CACHE INDEX tbl_name IN repair_cache;
LOAD INDEX INTO CACHE tbl_name;
REPAIR TABLE tbl_name ;
SET GLOBAL repair_cache.key_buffer_size = 0;

If you intend to change a global variable but want to do so only for the duration of a REPAIR TABLE operation to minimally affect other users, save its value in a user variable and restore it afterward. For example:

SET @old_myisam_sort_buffer_size = @@global.myisam_max_sort_file_size;
SET GLOBAL myisam_max_sort_file_size = 100*1024*1024*1024;
REPAIR TABLE tbl_name ;
SET GLOBAL myisam_max_sort_file_size = @old_myisam_max_sort_file_size;

The system variables that affect REPAIR TABLE can be set globally at server startup if you want the values to be in effect by default. For example, add these lines to the server my.cnf file:

[mysqld]
myisam_sort_buffer_size=256M key_buffer_size=1G myisam_max_sort_file_size=100G

These settings do not include read-buffer-size. Setting read_buffer_size globally to a large value does so for all sessions and can cause performance to suffer due to excessive memory allocation for a server with many simultaneous sessions.

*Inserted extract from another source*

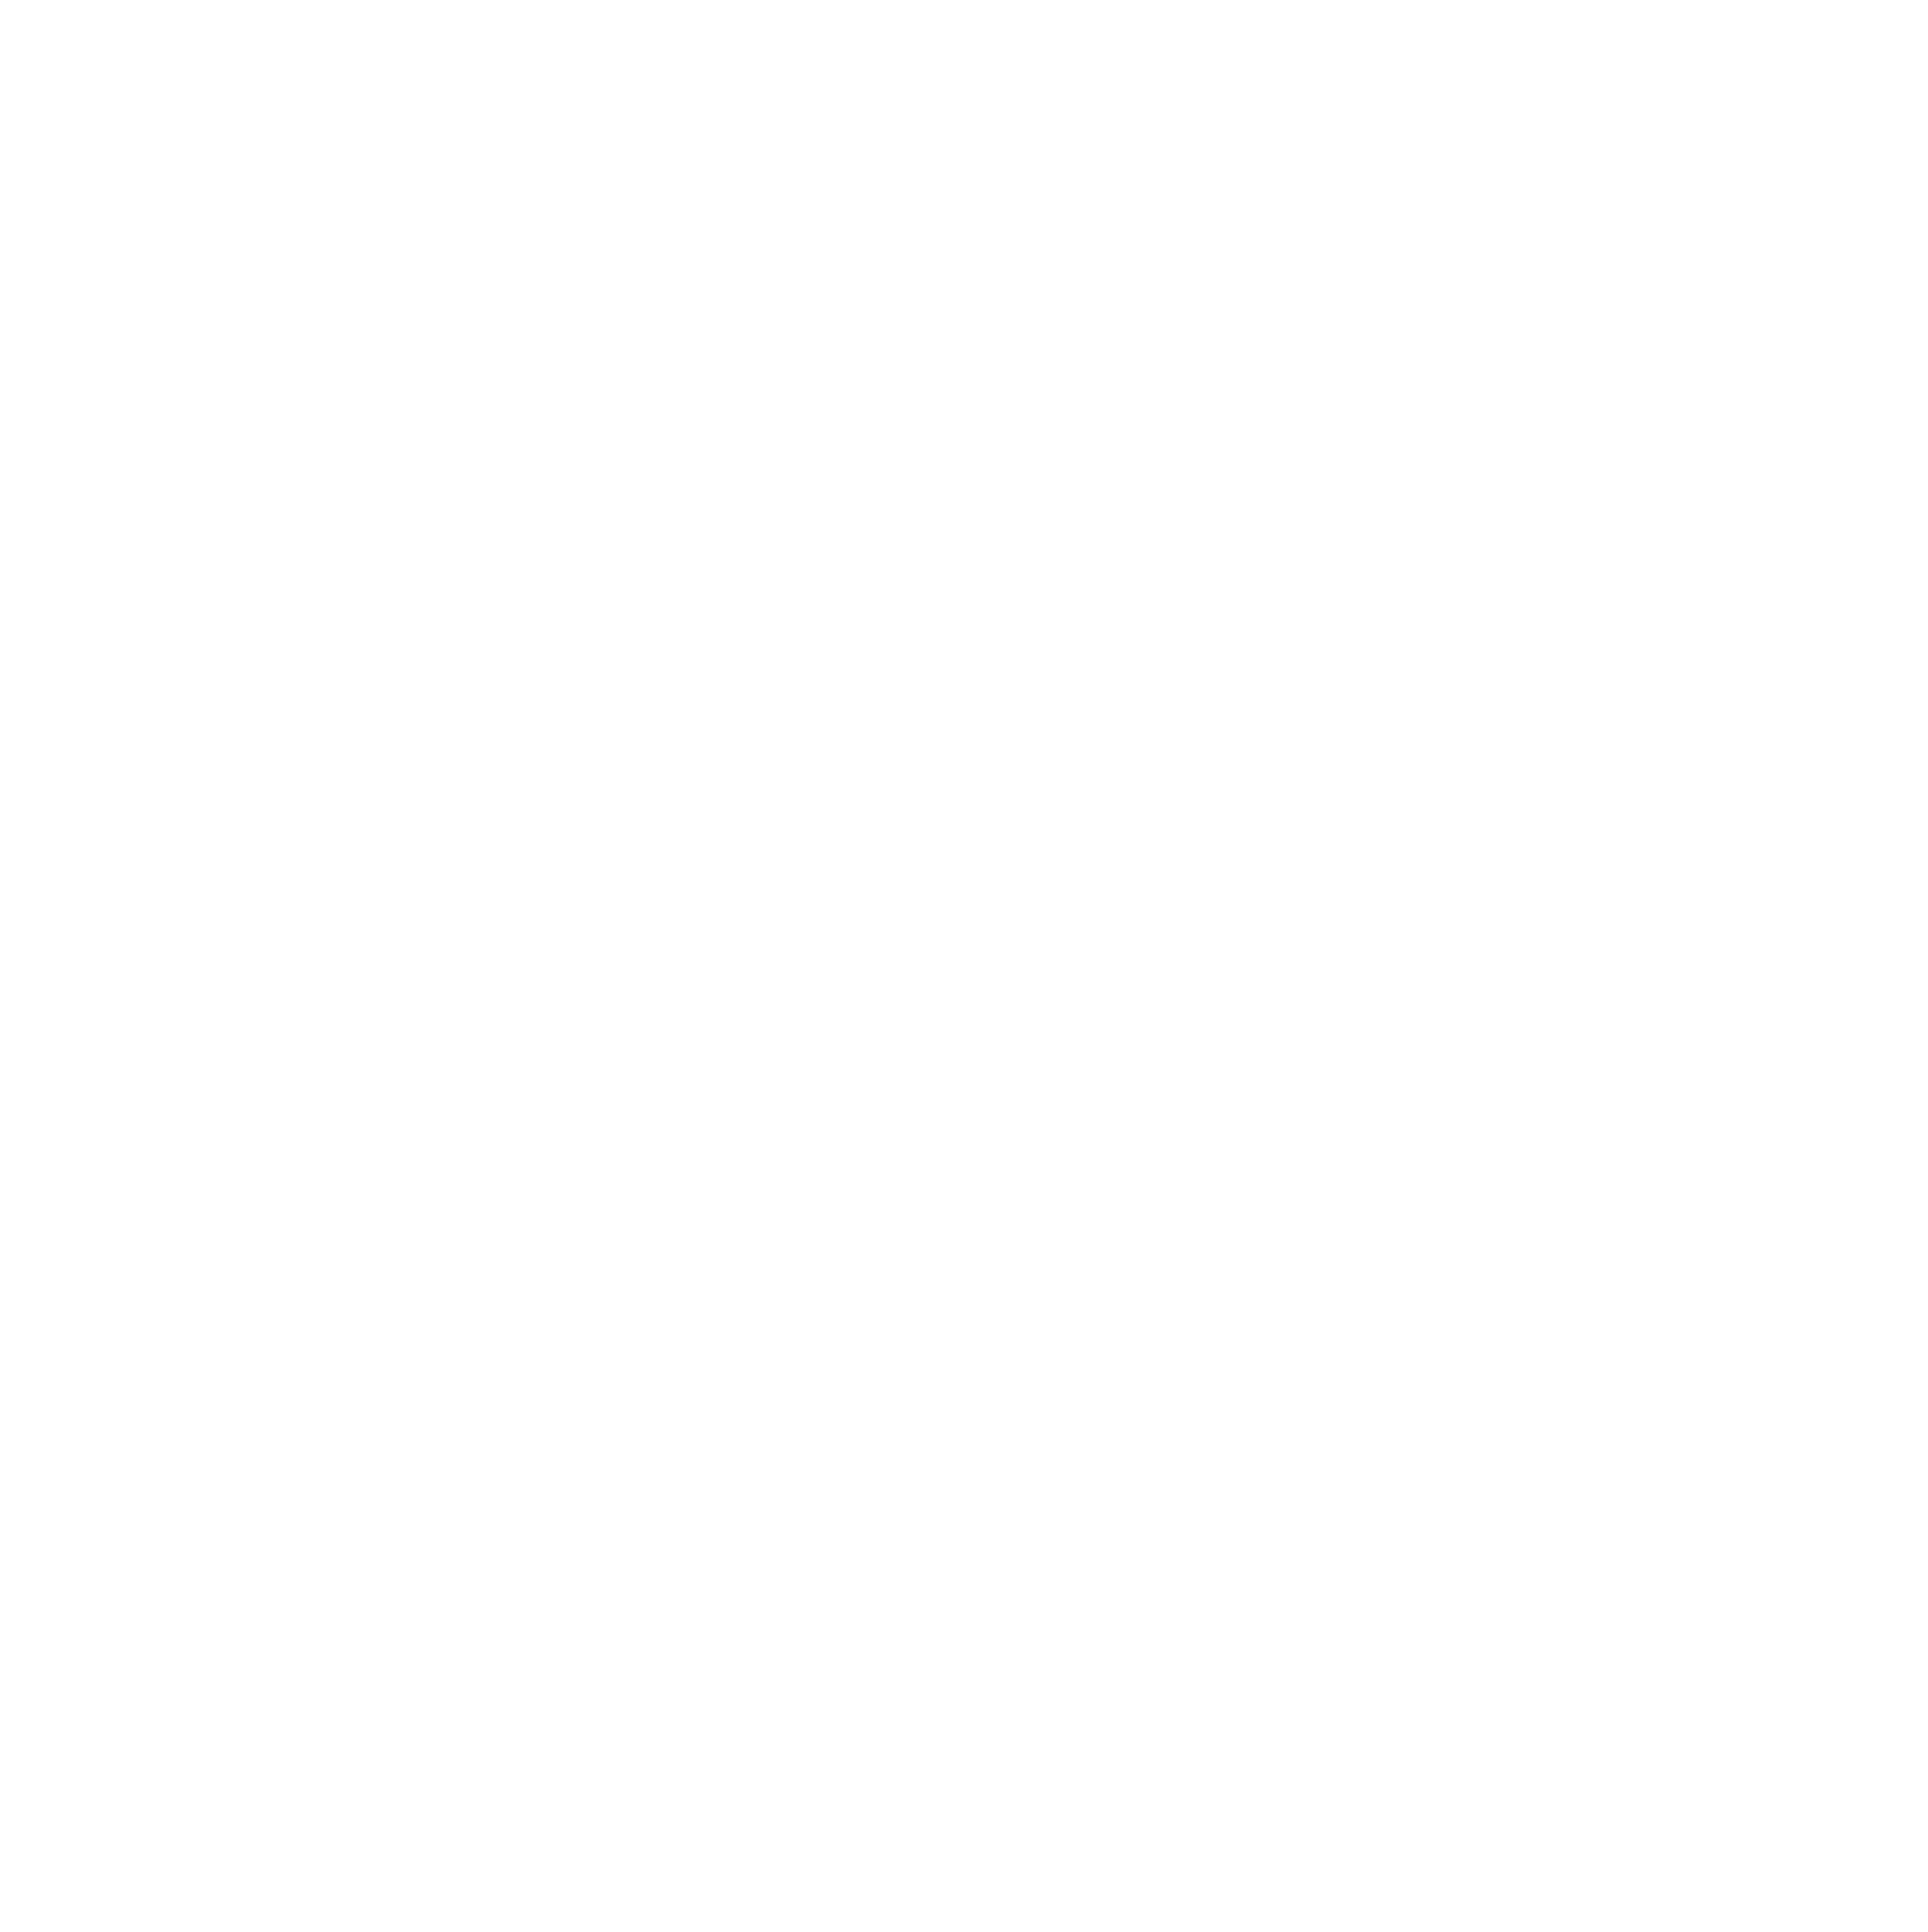 Globsyn Group

Optimizing for MEMORY Tables

Consider using MEMORY tables for noncritical data that is accessed often, and is read-only or rarely updated. Benchmark your application against equivalent InnoDB or MyISAM tables under a realistic workload, to confirm that any additional performance is worth the risk of losing data, or the overhead of copying data from a disk-based table at application start.

For best performance with MEMORY tables, examine the kinds of queries against each table, and specify the type to use for each associated index, either a B-tree index or a hash index. On the CREATE INDEX statement, use the clause USING BTREE or USING HASH. B-tree indexes are fast for queries that do greater-than or less-than comparisons through operators such as > or BETWEEN. Hash indexes are only fast for queries that look up single values through the = operator, or a restricted set of values through the IN operator. For why USING BTREE is often a better choice than the default USING HASH, see , "How to Avoid Full Table Scans". For implementation details of the different types of MEMORY indexes, see , "Comparison of B-Tree and Hash Indexes".

Understanding the Query Execution Plan

Optimizing Queries with EXPLAIN
EXPLAIN Output Format
Estimating Query Performance
Controlling the Query Optimizer

Depending on the details of your tables, columns, indexes, and the conditions in your WHERE clause, the MariaDB optimizer considers many techniques to efficiently perform the lookups involved in an SQL query. A query on a huge table can be performed without reading all the rows; a join involving several tables can be performed without comparing every combination of rows. The set of operations that the optimizer chooses to perform the most efficient query is called the "query execution plan", also known as the EXPLAIN plan. Your goals are to recognize the aspects of the EXPLAIN plan that indicate a query is optimized well, and to learn the SQL syntax and indexing techniques to improve the plan if you see some inefficient operations.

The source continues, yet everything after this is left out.